Records to process ->
■ ■ ■

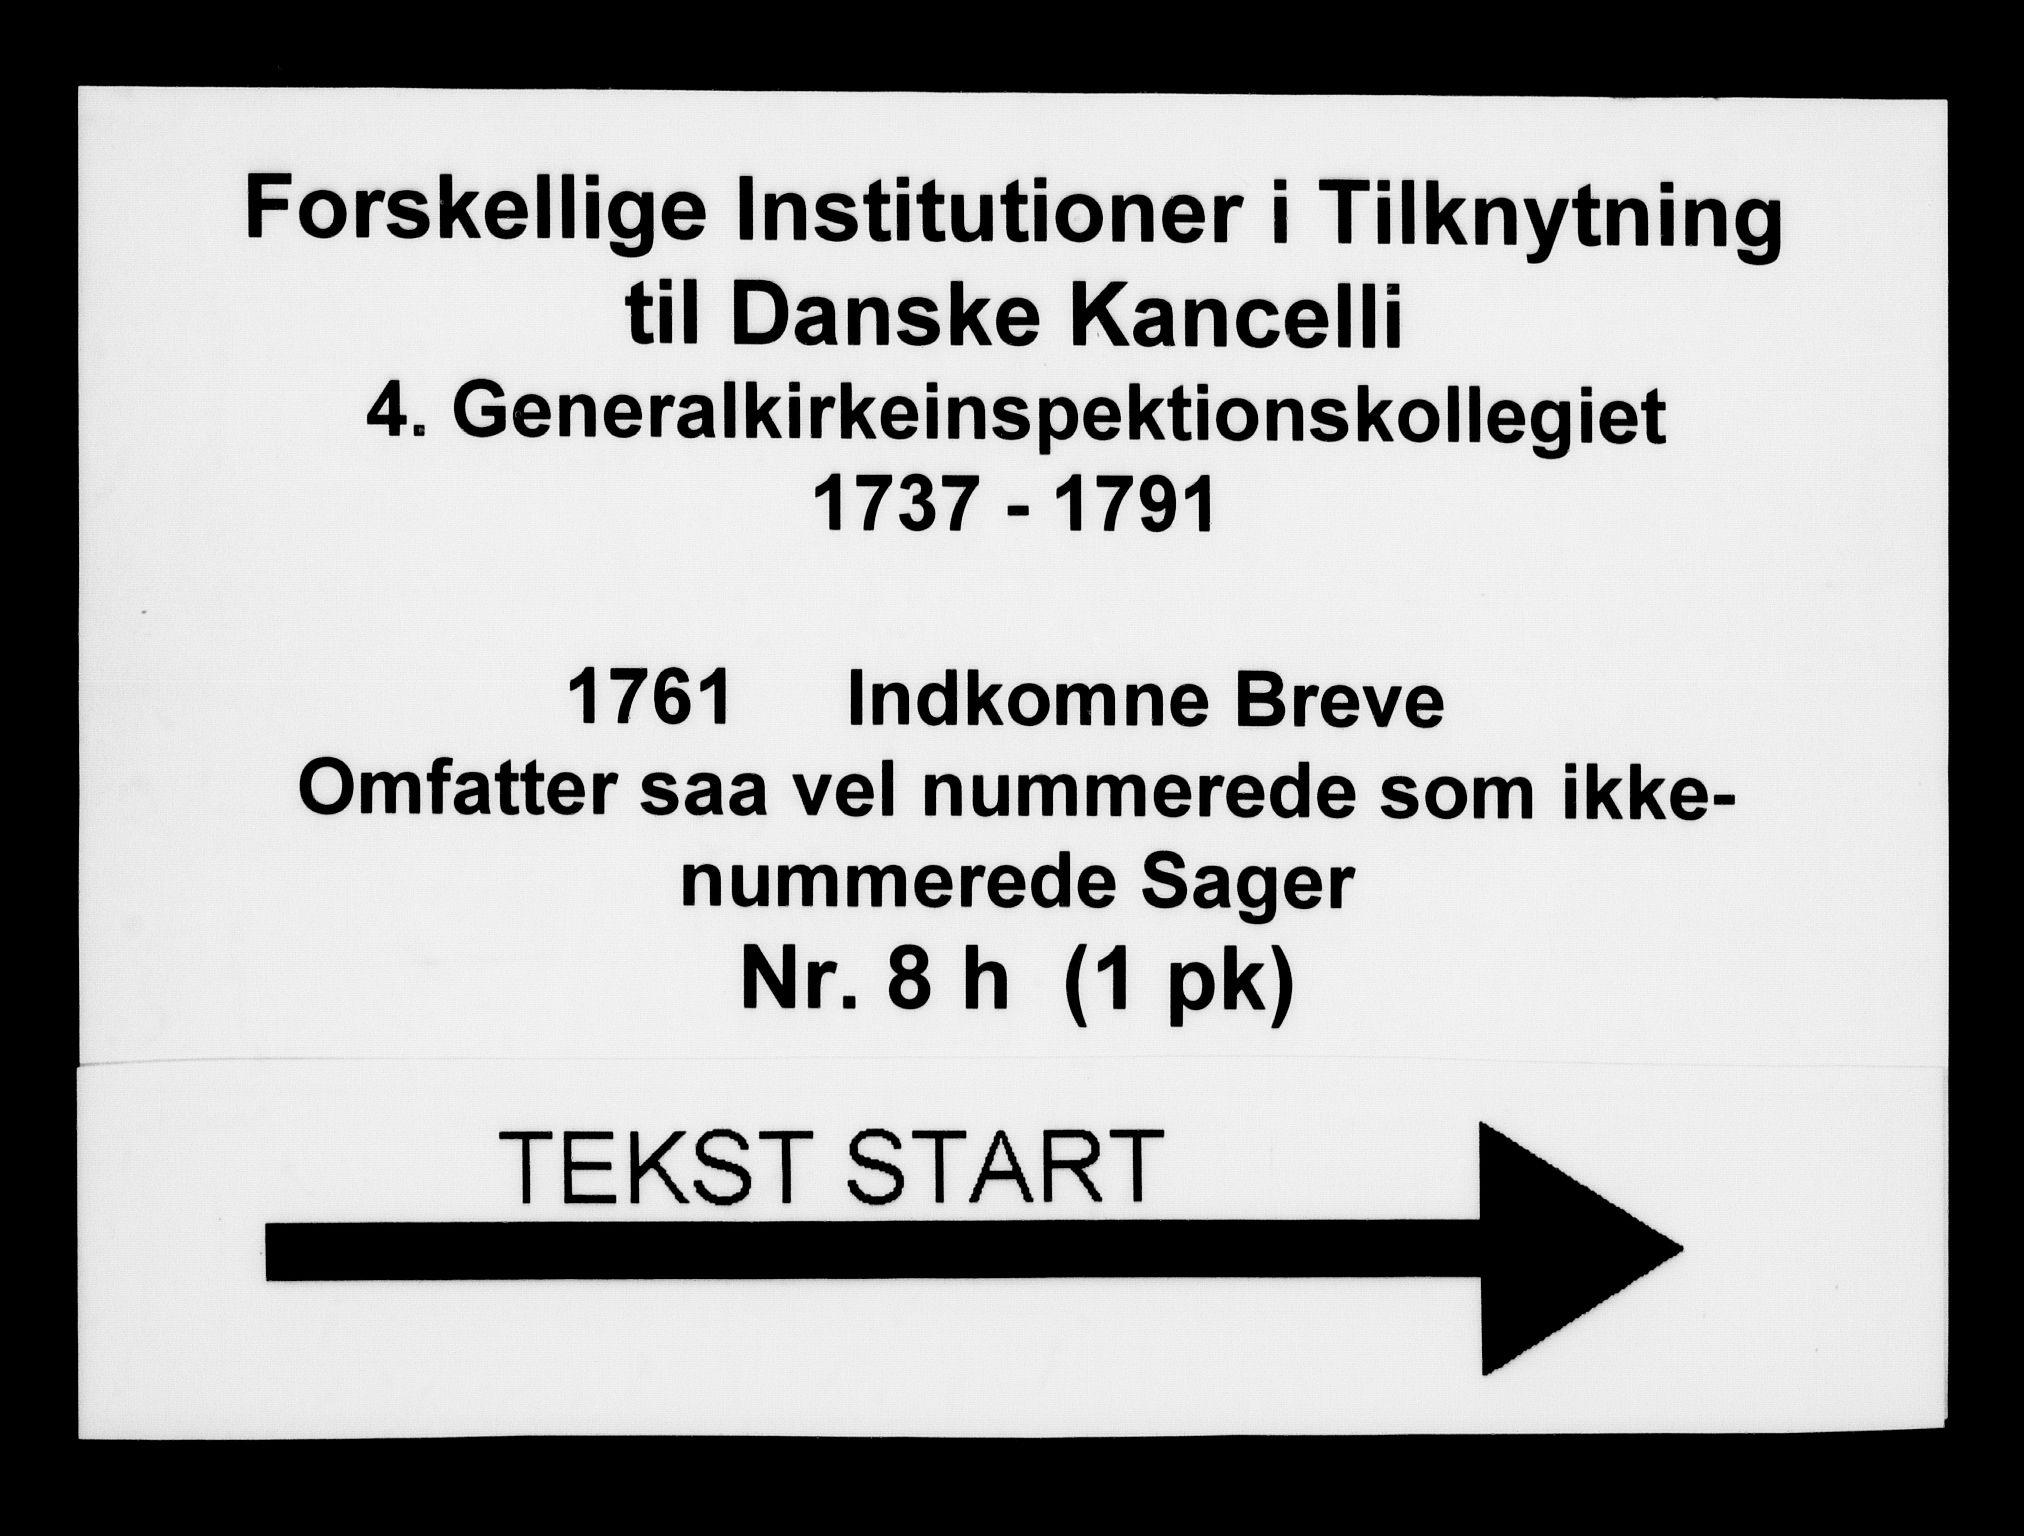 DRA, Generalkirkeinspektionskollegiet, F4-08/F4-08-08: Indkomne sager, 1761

■ ■ ■

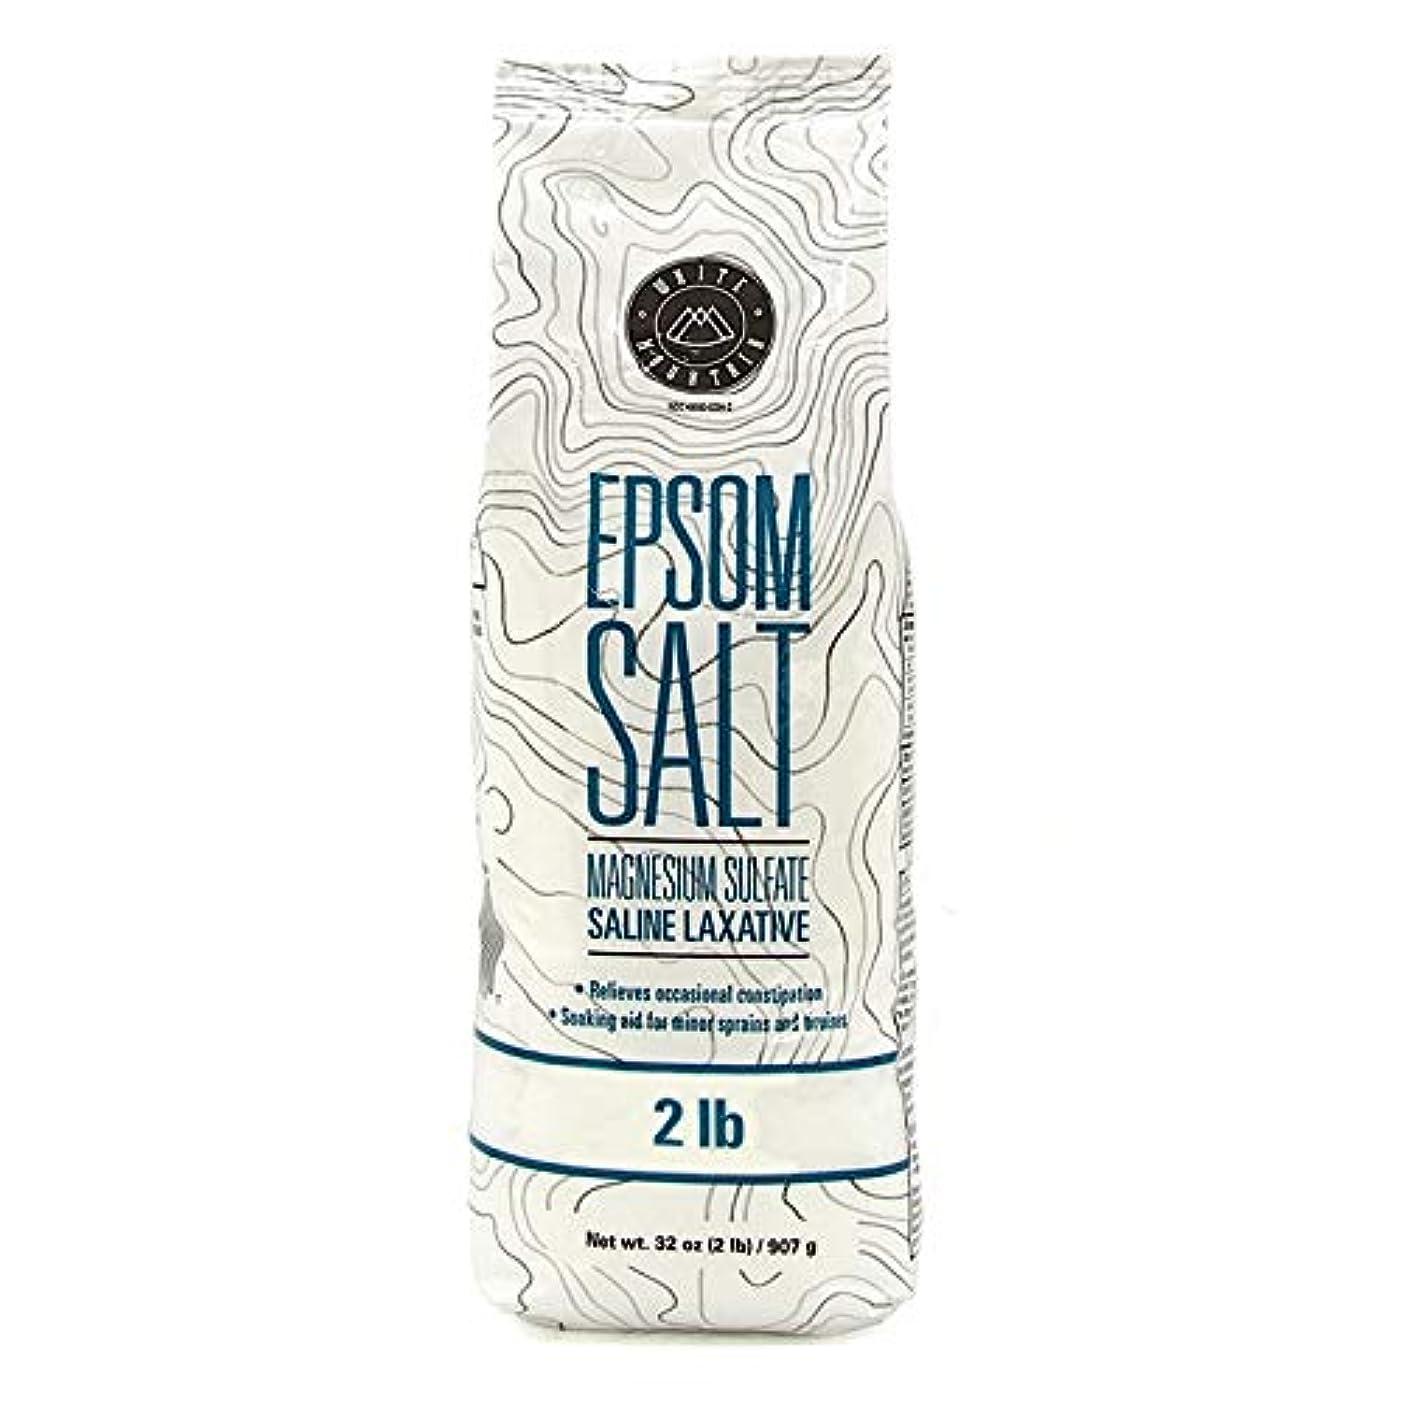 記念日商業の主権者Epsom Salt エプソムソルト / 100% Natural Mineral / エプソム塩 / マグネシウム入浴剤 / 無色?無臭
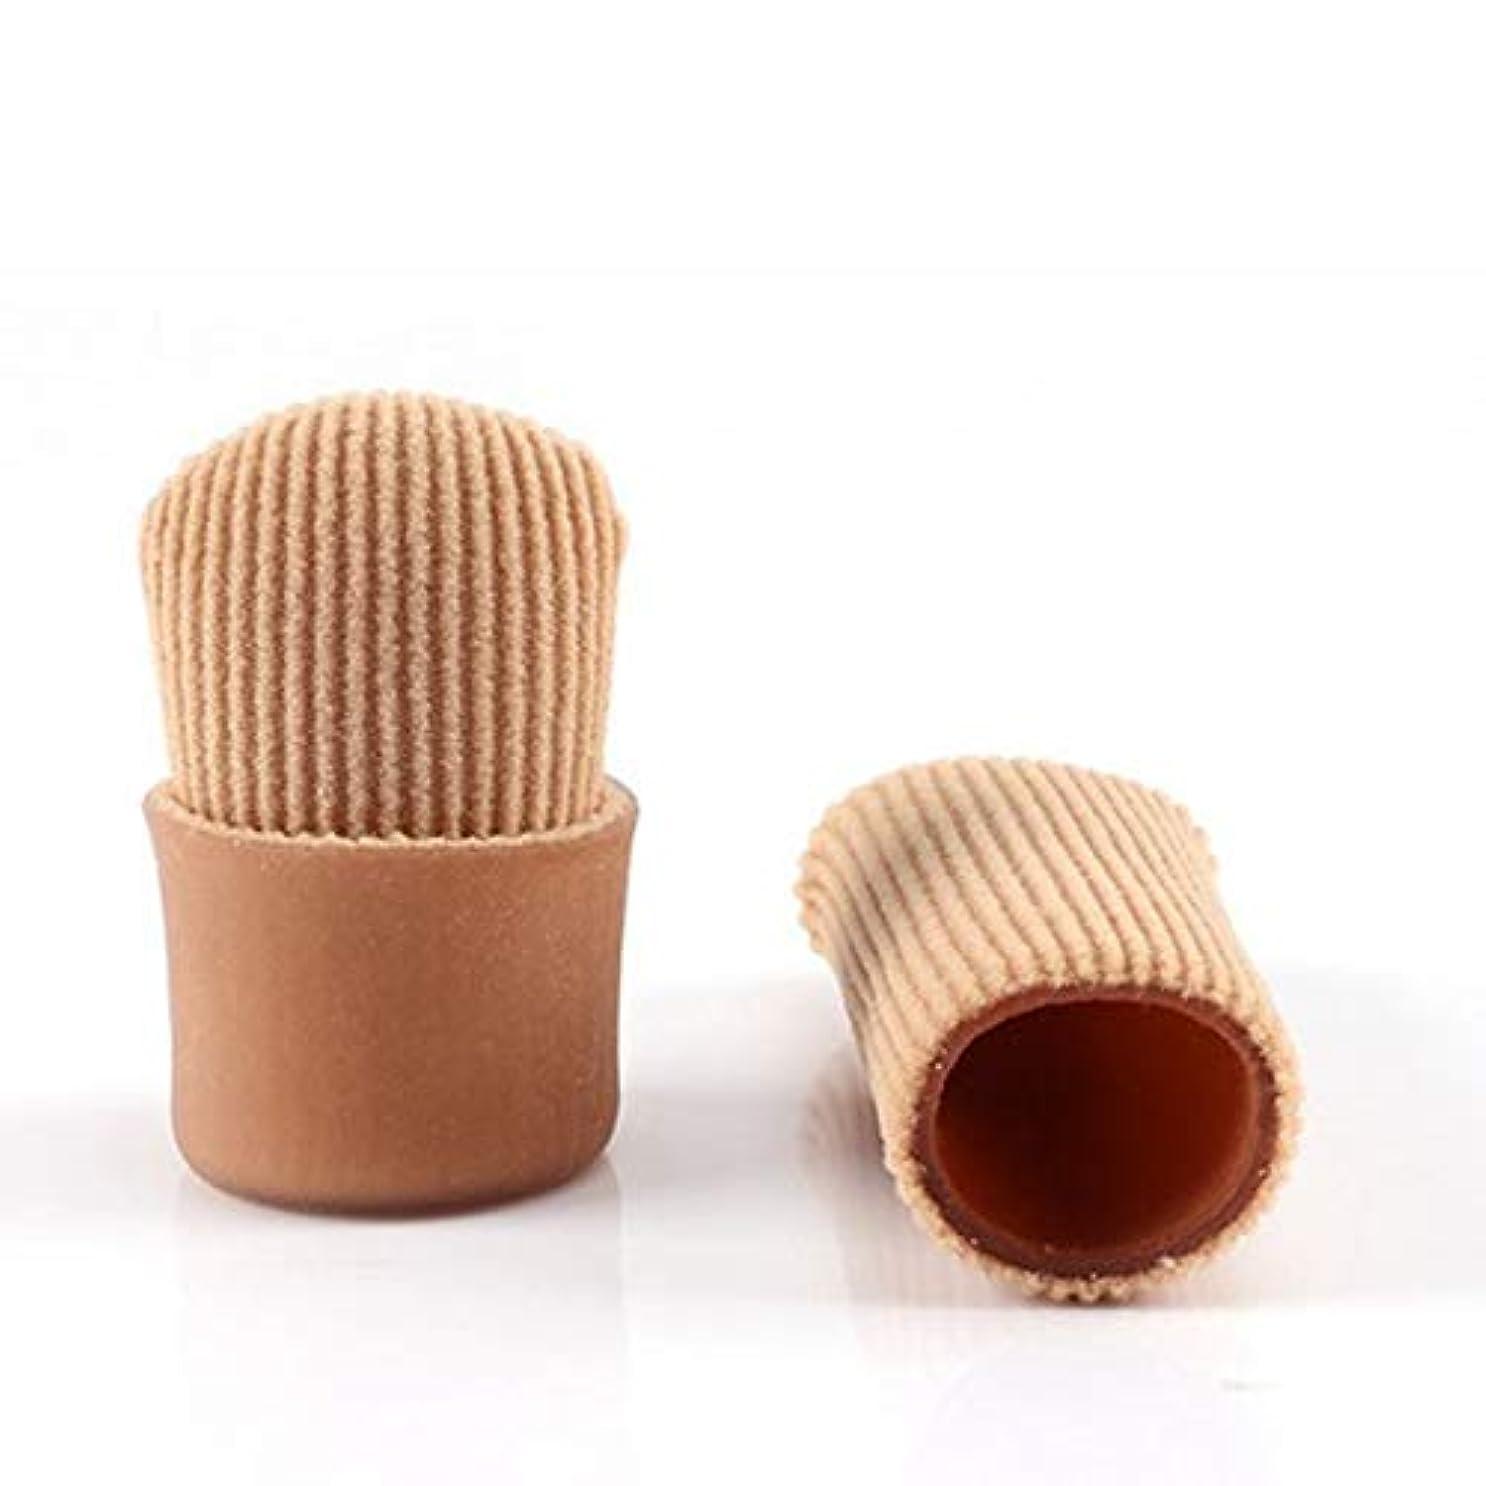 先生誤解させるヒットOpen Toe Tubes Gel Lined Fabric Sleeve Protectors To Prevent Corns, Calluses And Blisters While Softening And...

■ ■ ■

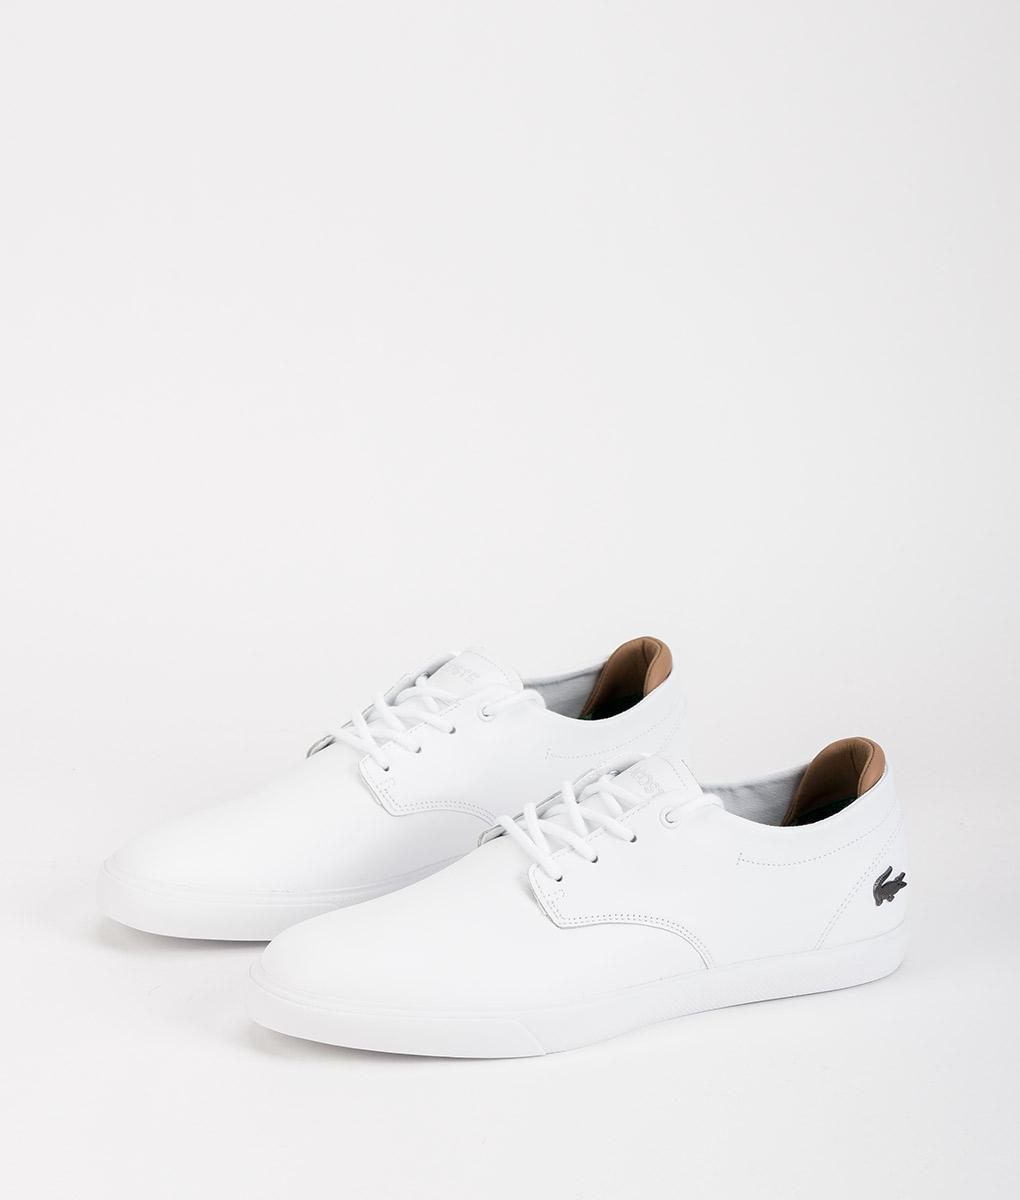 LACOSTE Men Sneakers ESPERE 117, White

■ ■ ■

Repeat exactly the lines above, beginning at the one containing "記念日商業の主権者Epsom Salt エプソムソルト" and ending at the one containing "先生誤解させるヒットOpen Toe Tubes". Do not carry over any pictures.

 記念日商業の主権者Epsom Salt エプソムソルト / 100% Natural Mineral / エプソム塩 / マグネシウム入浴剤 / 無色?無臭
 先生誤解させるヒットOpen Toe Tubes Gel Lined Fabric Sleeve Protectors To Prevent Corns, Calluses And Blisters While Softening And...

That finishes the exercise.